*Instructions for the task*
While you copy the lines below, skip the pictures and keep the rest exact.

*Stored data*
• • • • •

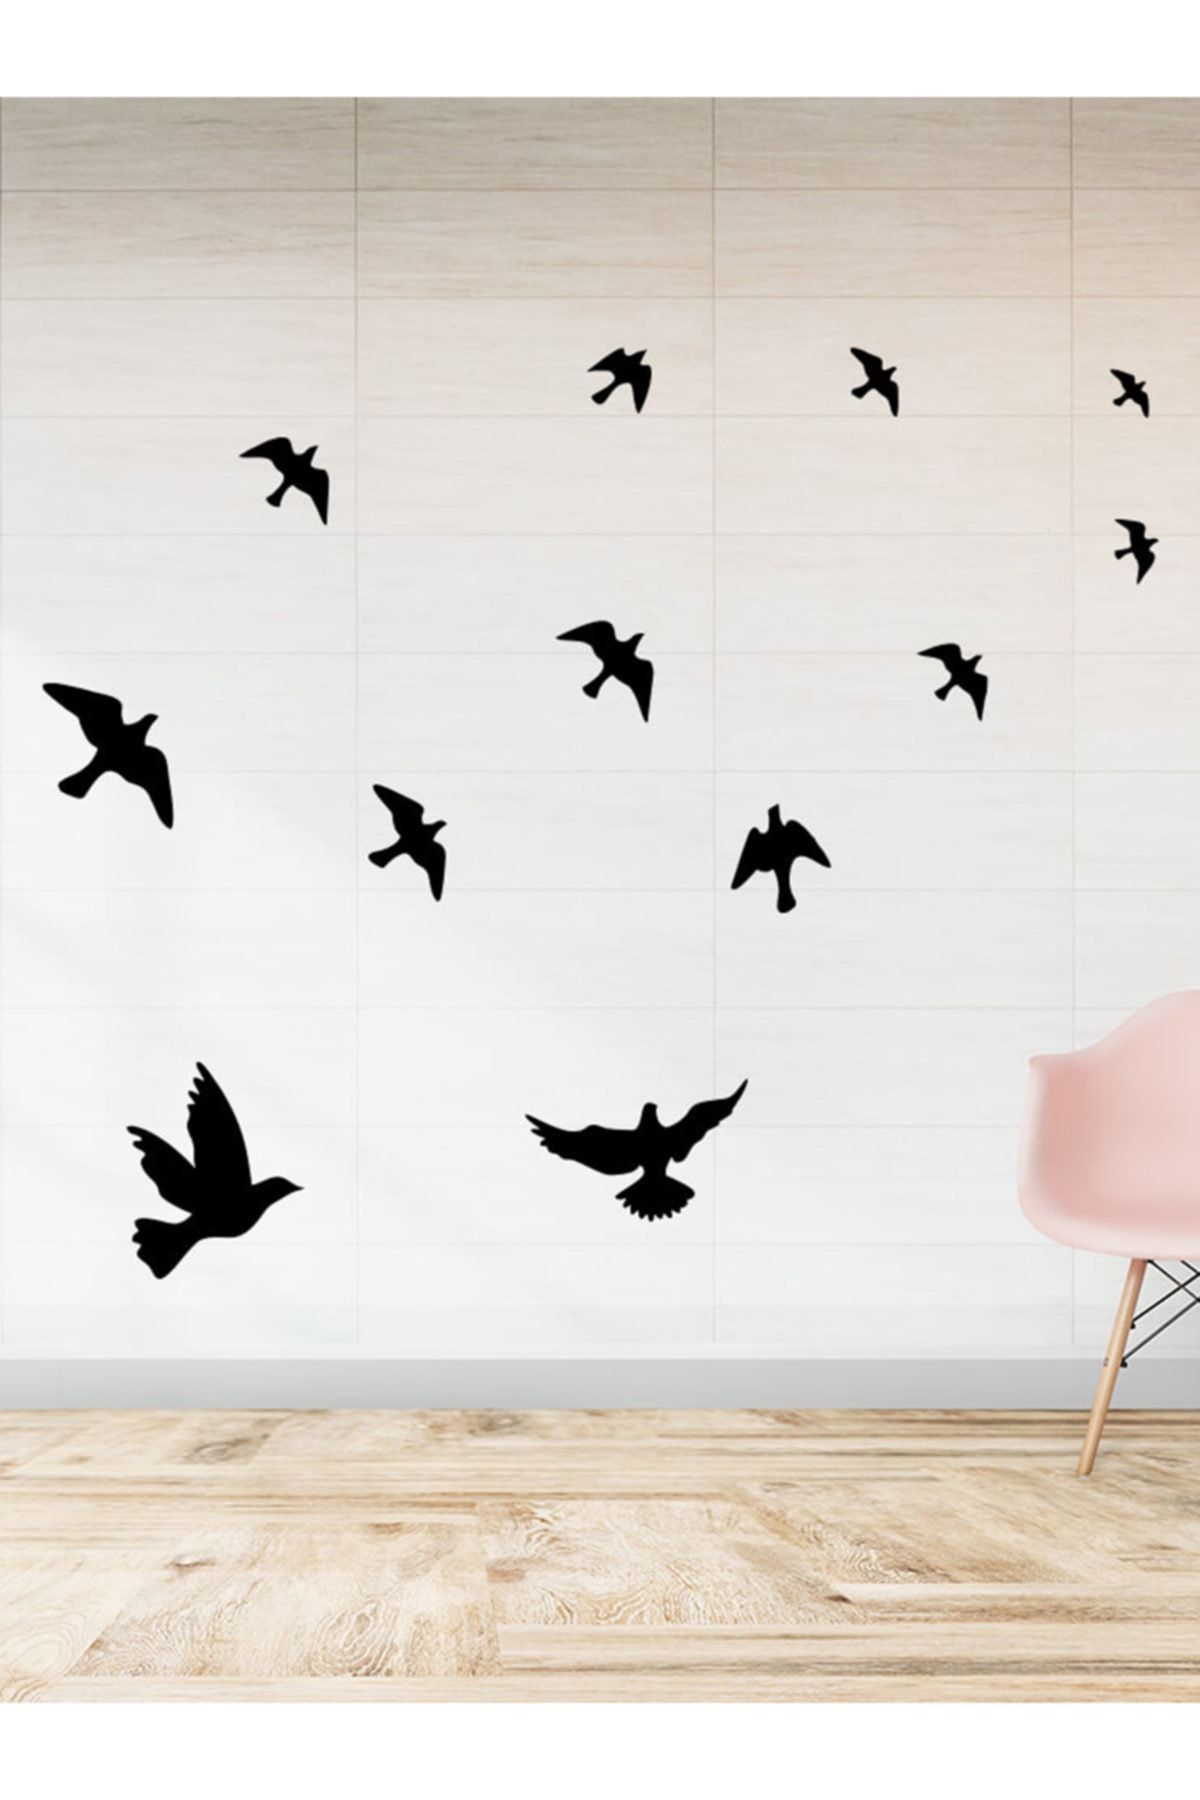 New Jargon Kuş Sürüsü Uçuşan Kuşlar Serisi Duvar Sticker Yapıştırma - Siyah
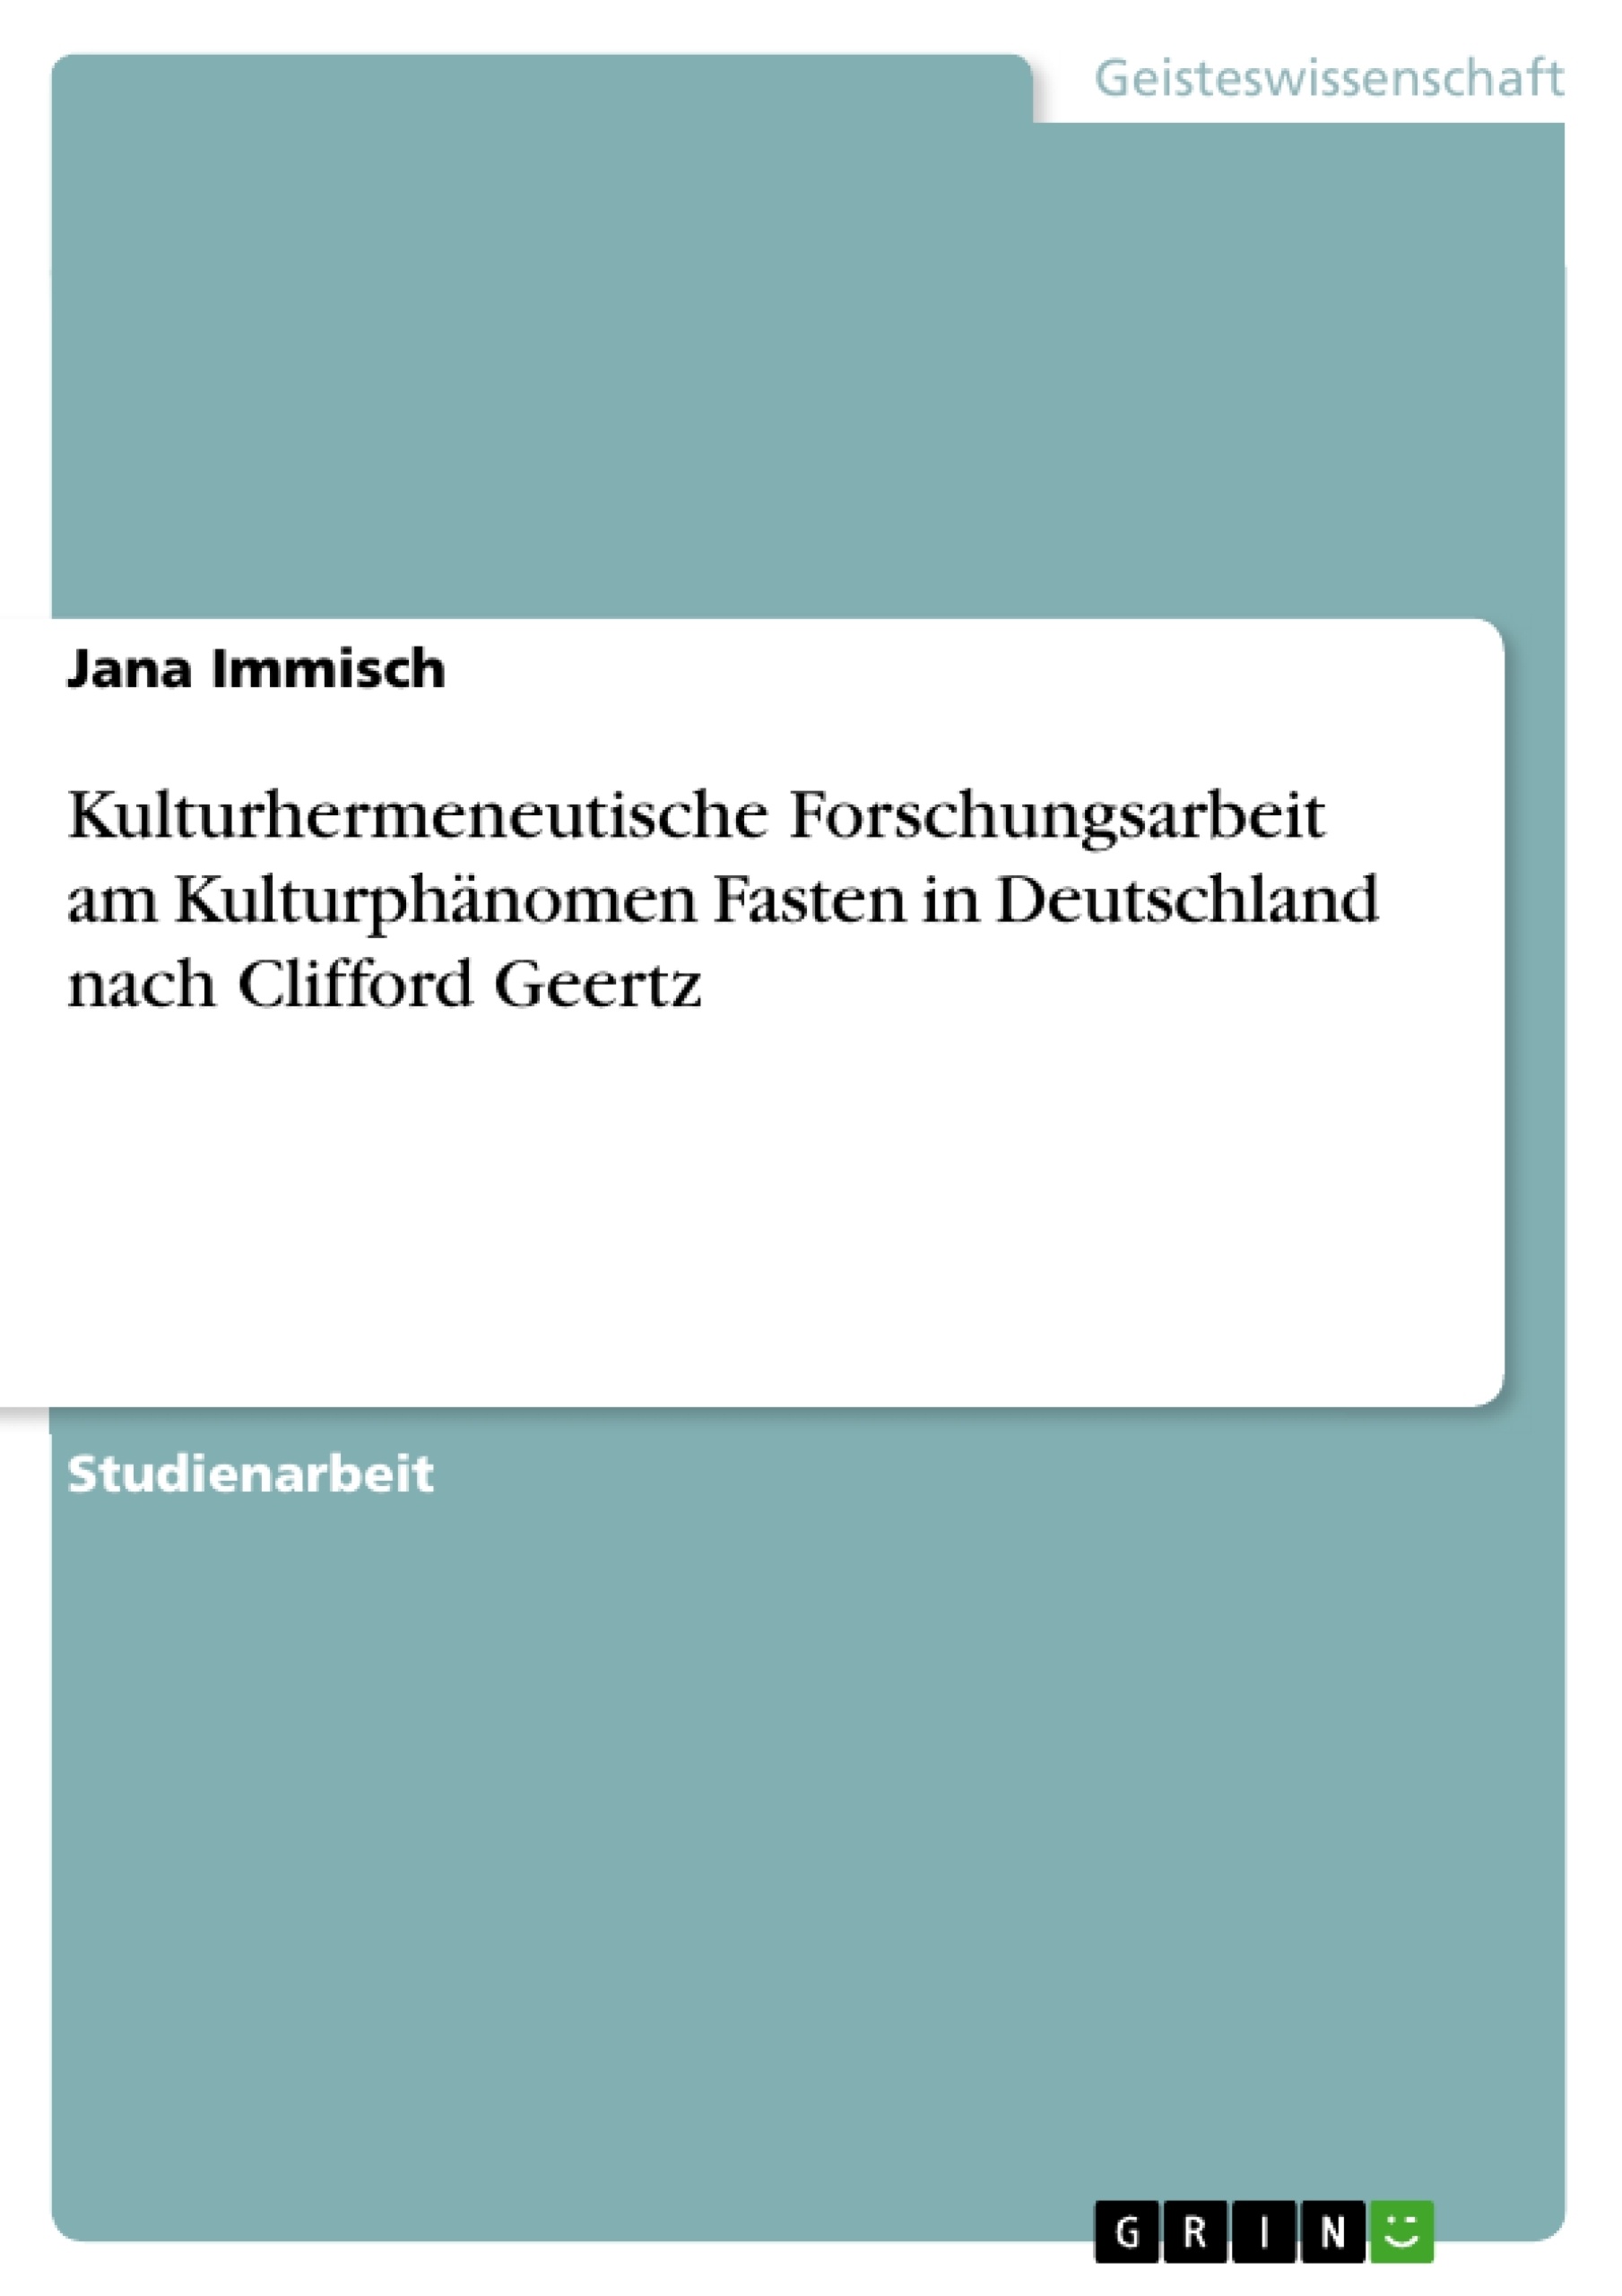 Title: Kulturhermeneutische Forschungsarbeit am Kulturphänomen Fasten in Deutschland nach Clifford Geertz
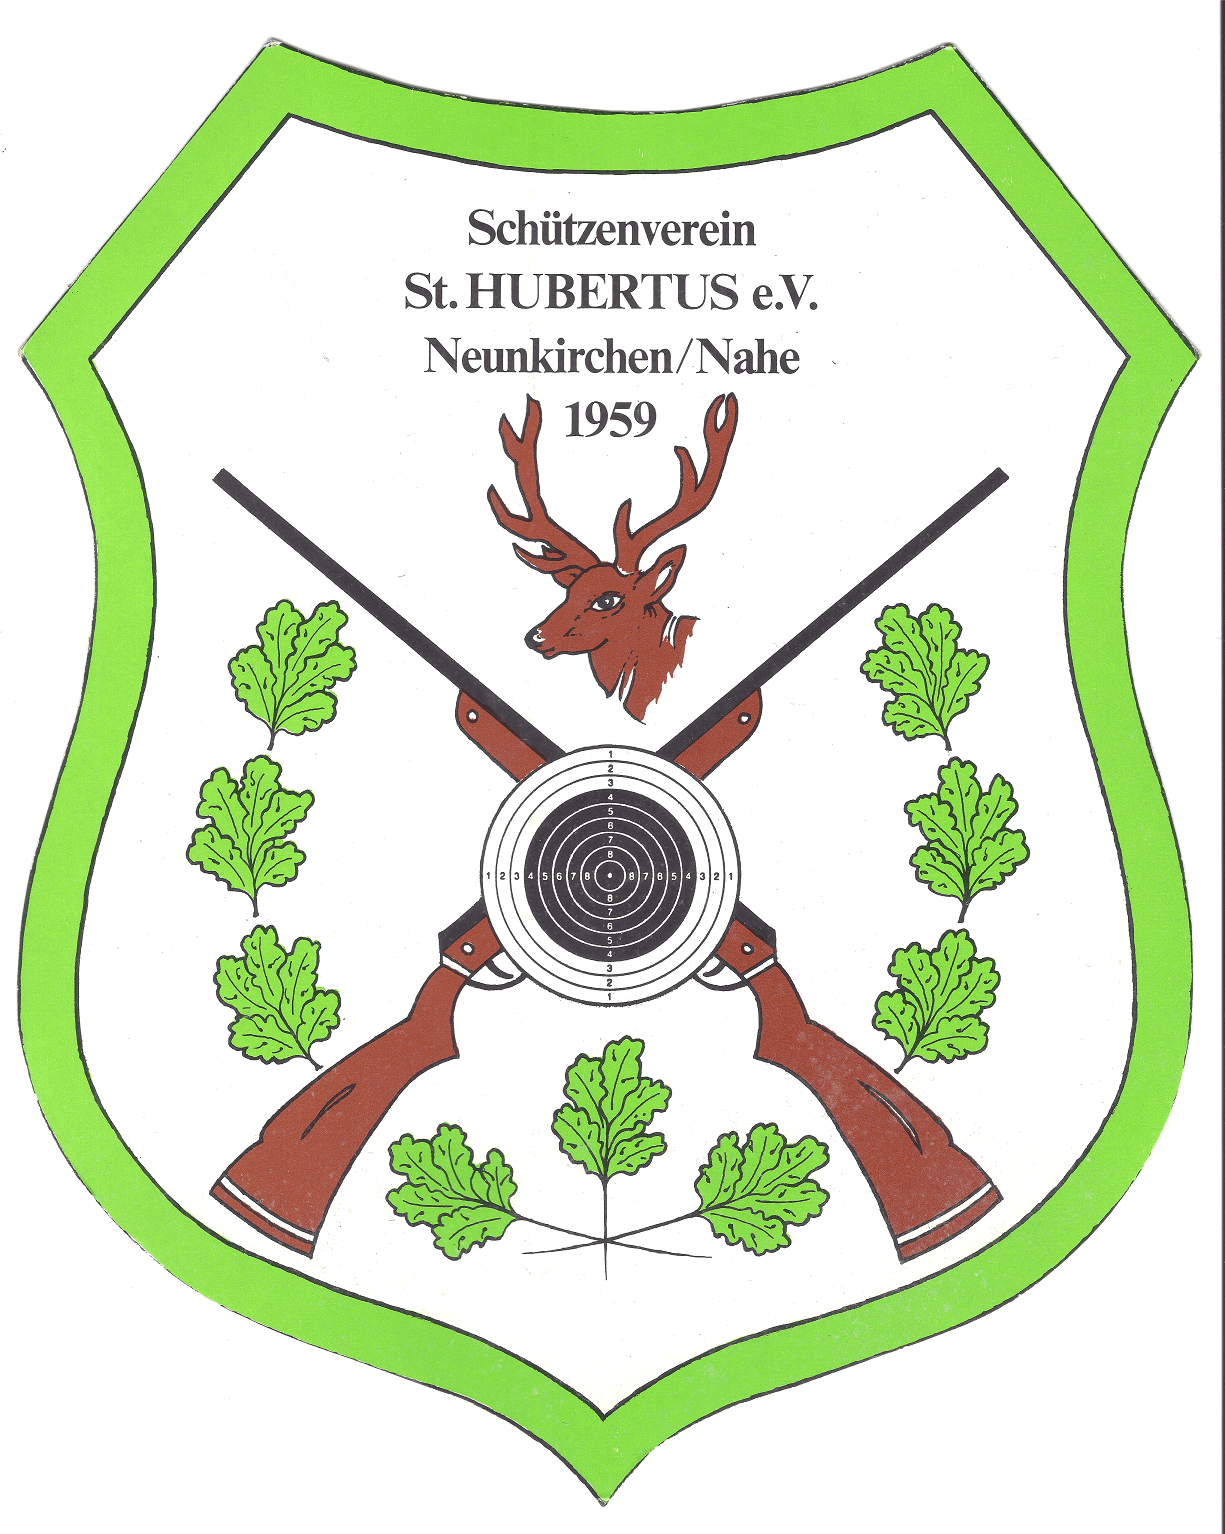 Profilbild des Vereins Schützenverein "St. Hubertus" e.V. Neunkirchen/Nahe

• • • • •

*Response to this task*
 New Jargon Kuş Sürüsü Uçuşan Kuşlar Serisi Duvar Sticker Yapıştırma - Siyah
 Title: Kulturhermeneutische Forschungsarbeit am Kulturphänomen Fasten in Deutschland nach Clifford Geertz
 Profilbild des Vereins Schützenverein "St. Hubertus" e.V. Neunkirchen/Nahe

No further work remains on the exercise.